When she started seeing fat developing in the water she would move the meat into a colander and than run hot water over it. This process will clean off the extra grease which has separated from the meat.
Her next task was to again replace the meat into a cleaned skillet along with some fresh water and bring once again to a boil. As she noticed some fat develop in the liquid and appear on the top of the water she knew that a second rinsing was in order. She drained this again as she had done previously with the colander and rinsed it under hot water.
She repeated this process three times until there was no longer any grease appearing. Since she generally purchases the better quality ground beef she has much less fat than would be expected. After the last boiling she allowed the beef to drain well in the colander until it was dry to the touch.
Although she could very well have used the dehydrator to dry the meat she decided to employ the oven for the process instead. She spread the drained beef onto a non stick cookie sheet and placed it into a 200 degree oven. Times will vary greatly from oven to oven and from one batch to the next but usually the drying time will be between 6 and 8 hours.
As the completion time approaches the beef should give a dried appearance similar to gravel but extremely hard. She next took the final dehydrated ground beef and placed it in a sterilized mason jar along with an oxygen absorber to remove all traces of air from within. Our estimate is that with the oxygen absorber in place the product should be good for several years if stored in a dark, cool location.

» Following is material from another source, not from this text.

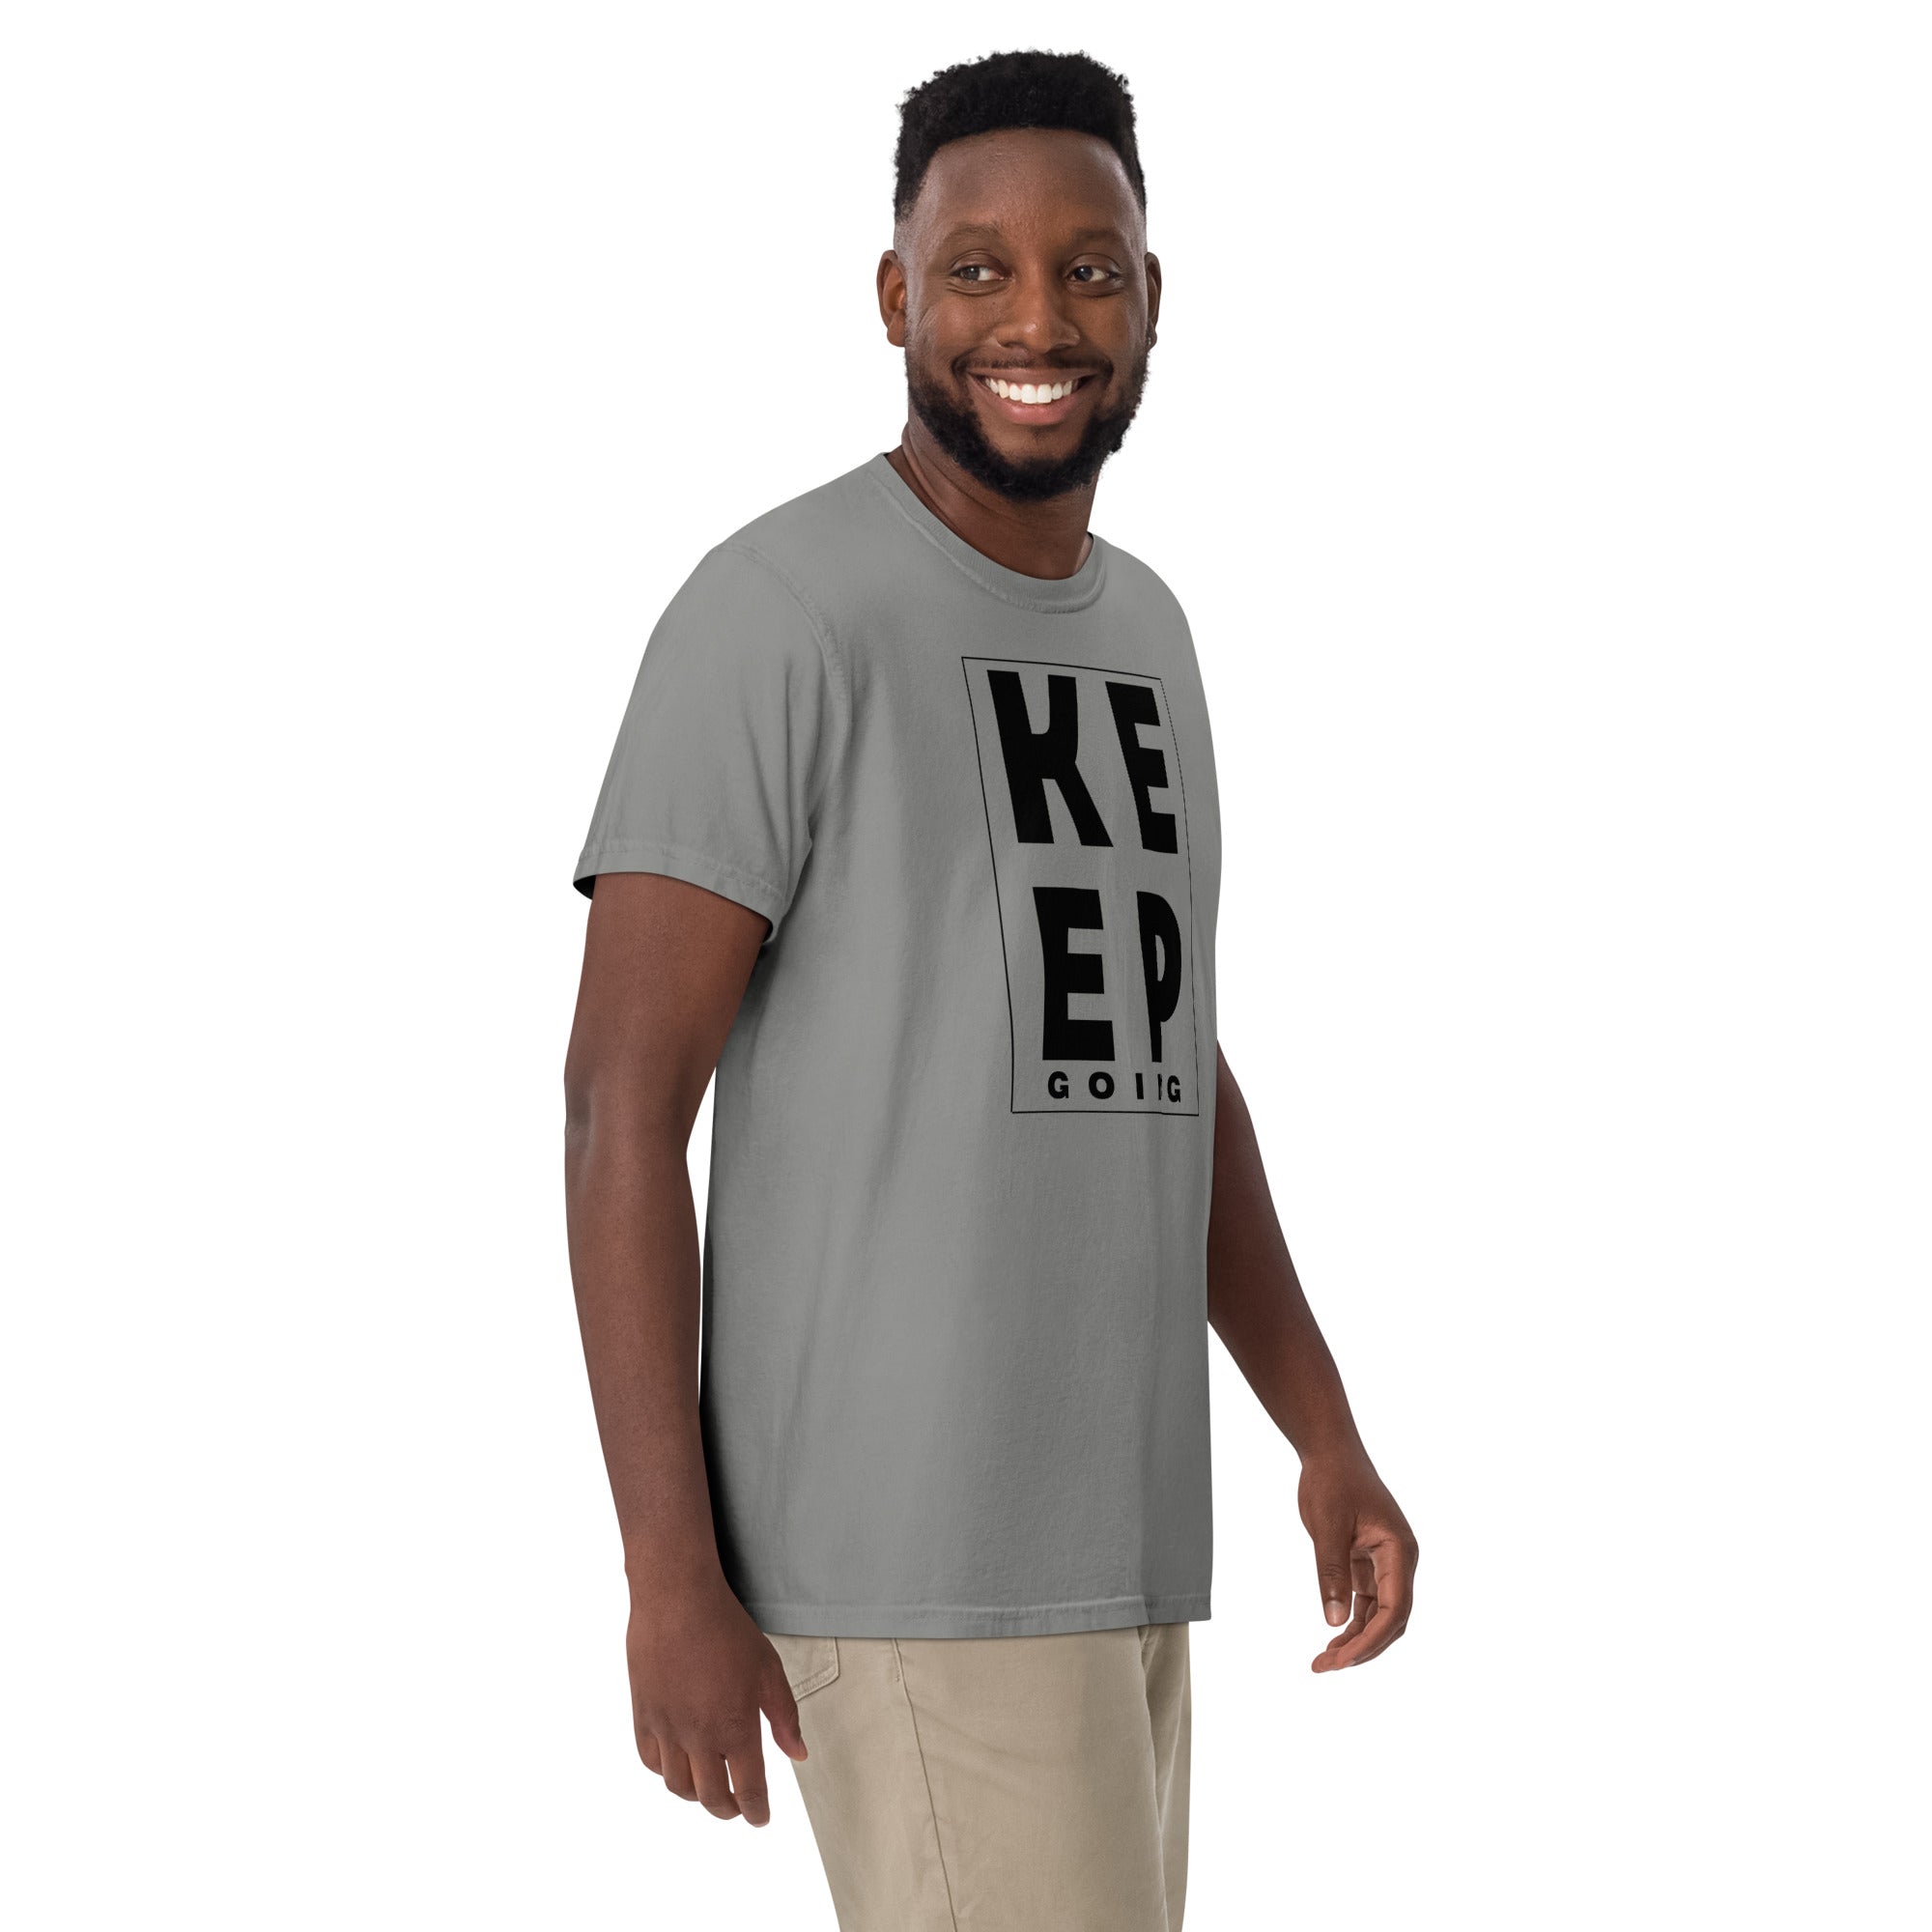 Keep Going Men’s garment-dyed heavyweight t-shirt

To rehydrate this product you will merely need to add water and wait a few minutes for it to absorb the liquid. You can speed up the process with heat if you plan to mix it with other foods.
My wife did not add any spices to the beef when she was dehydrating it but wanted a more universal product that could be used for a variety of beef dishes. The flavorings can be included when the ground beef is rehydrated. You now have a dehydrated ground beef product that should relieve some of the worry from losing electricity during emergency times. If you try this procedure let us know how it came out for you.